I think we'll eventually find out COVID-19 has been around way earlier in 2019
than we thought. I've seen both here on HN and elsewhere anecdotal reports of
people having a "flu like nothing before" in late 2019 and early 2020 _in the
US_. There's at least one report of Italian doctors seeing a "strange
pneumonia" in November
([https://www.scmp.com/news/china/society/article/3076334/coro...](https://www.scmp.com/news/china/society/article/3076334/coronavirus-
strange-pneumonia-seen-lombardy-november-leading)).

My own story is this. My wife went with her team to a Chinese karaoke bar here
in Seattle, in International District, in mid-November. Everyone fell very,
very sick (one person has a lingering dry cough to this day). Fever for days
on end, cough, etc. It seemed like the flu, except my wife and others claim it
just felt different from other times they had the flu.

I caught it from my wife, and it did feel different. I'd never had a fever run
for so long, and the way it progressed was just different. And the most
unusual thing was that it seemed to affect my heart. I take a beta blocker to
control frequent PVCs. But on the days immediately following "recovery" (by
which I mean no more fever), I just couldn't move around too much or my heart
would start throwing PVCs like crazy, as if I hadn't taken my meds. I was also
feeling very weak and faint, which never happened to me before (I'm usually
able to exercise just fine right after recovering from illness).

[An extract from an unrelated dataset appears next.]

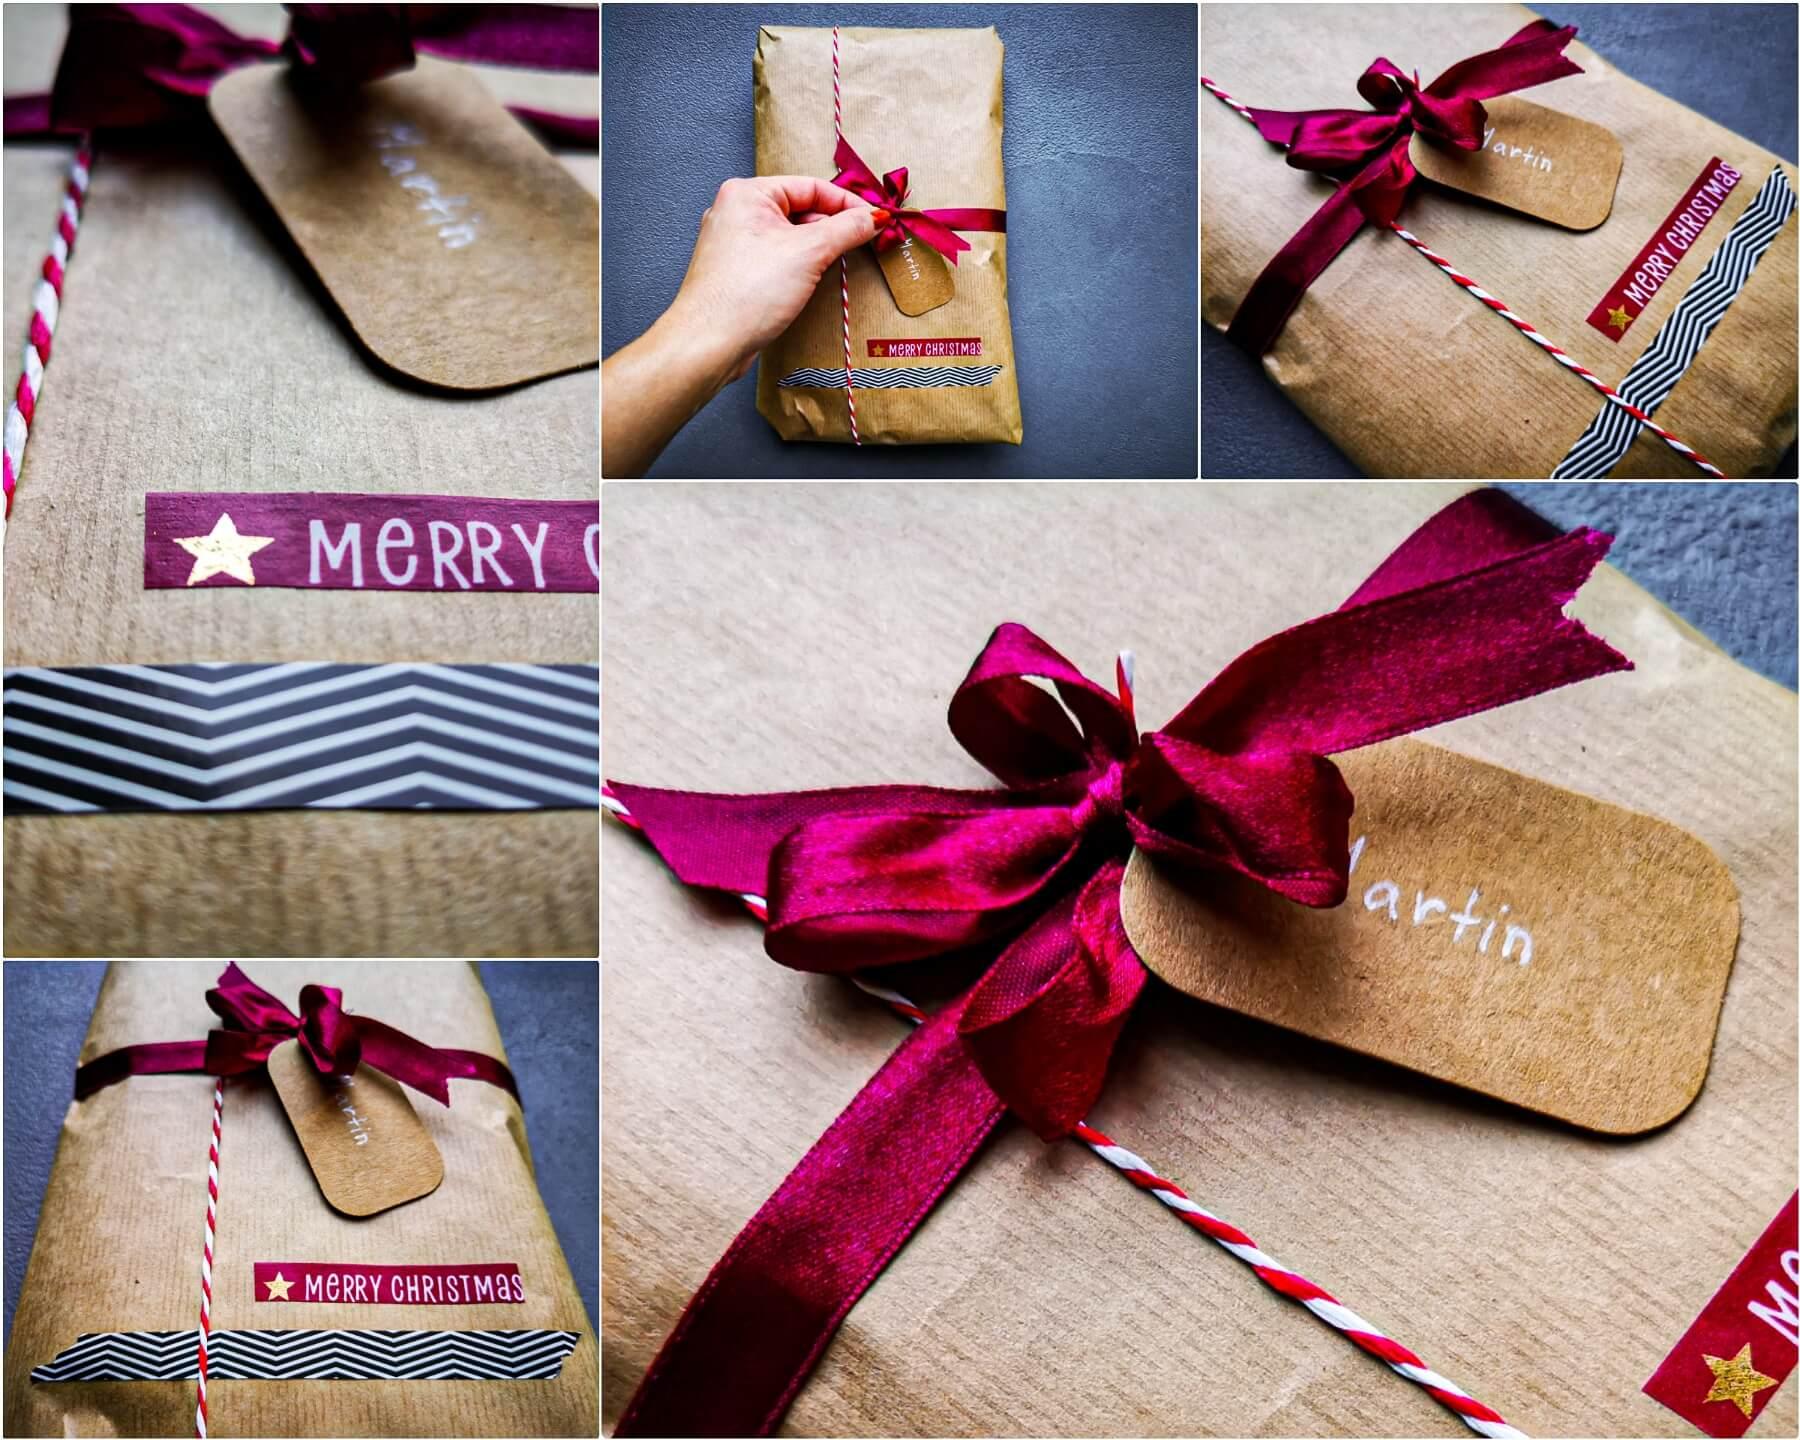 inCollage 20191209 203406465 1 resized 20191215 064633301 - Geschenke verpacken: 11 kreative Tipps zum Selbermachen
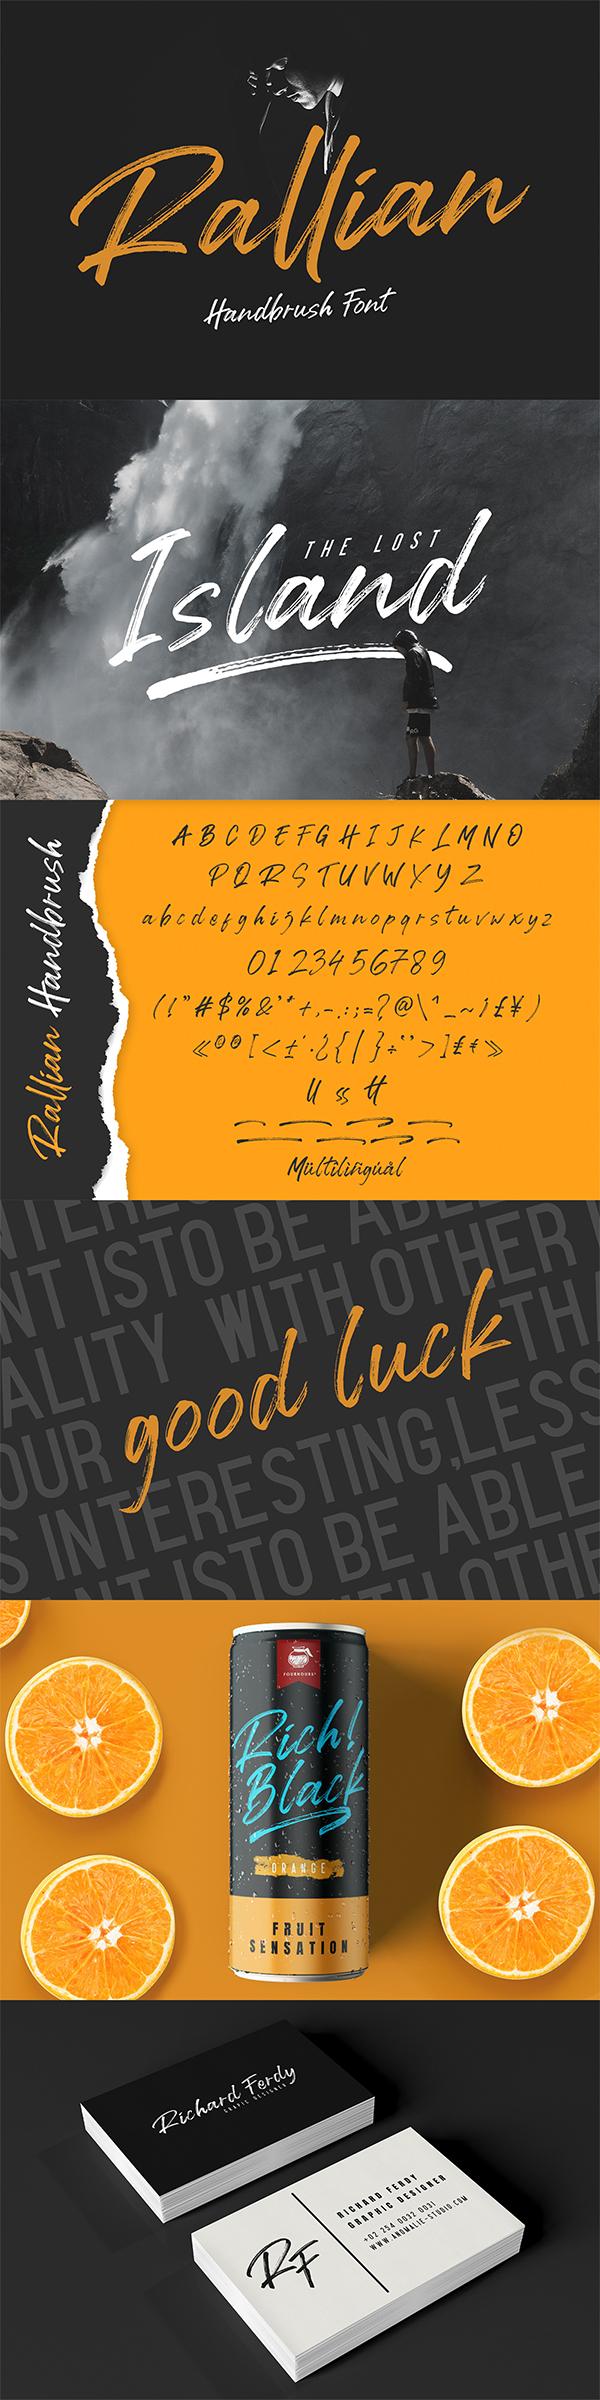 Rallian - Handbrush Font

To add to the anecdote, our daughter caught it too but she just seemed to have
a mild cold, which also matches the majority of infant COVID-19 cases.

I hope serological tests become widely available, since I'm really curious to
know if I actually had it back then. Obviously in the mean time I'm not
assuming I did, and I'm staying home and avoiding all human contact I can.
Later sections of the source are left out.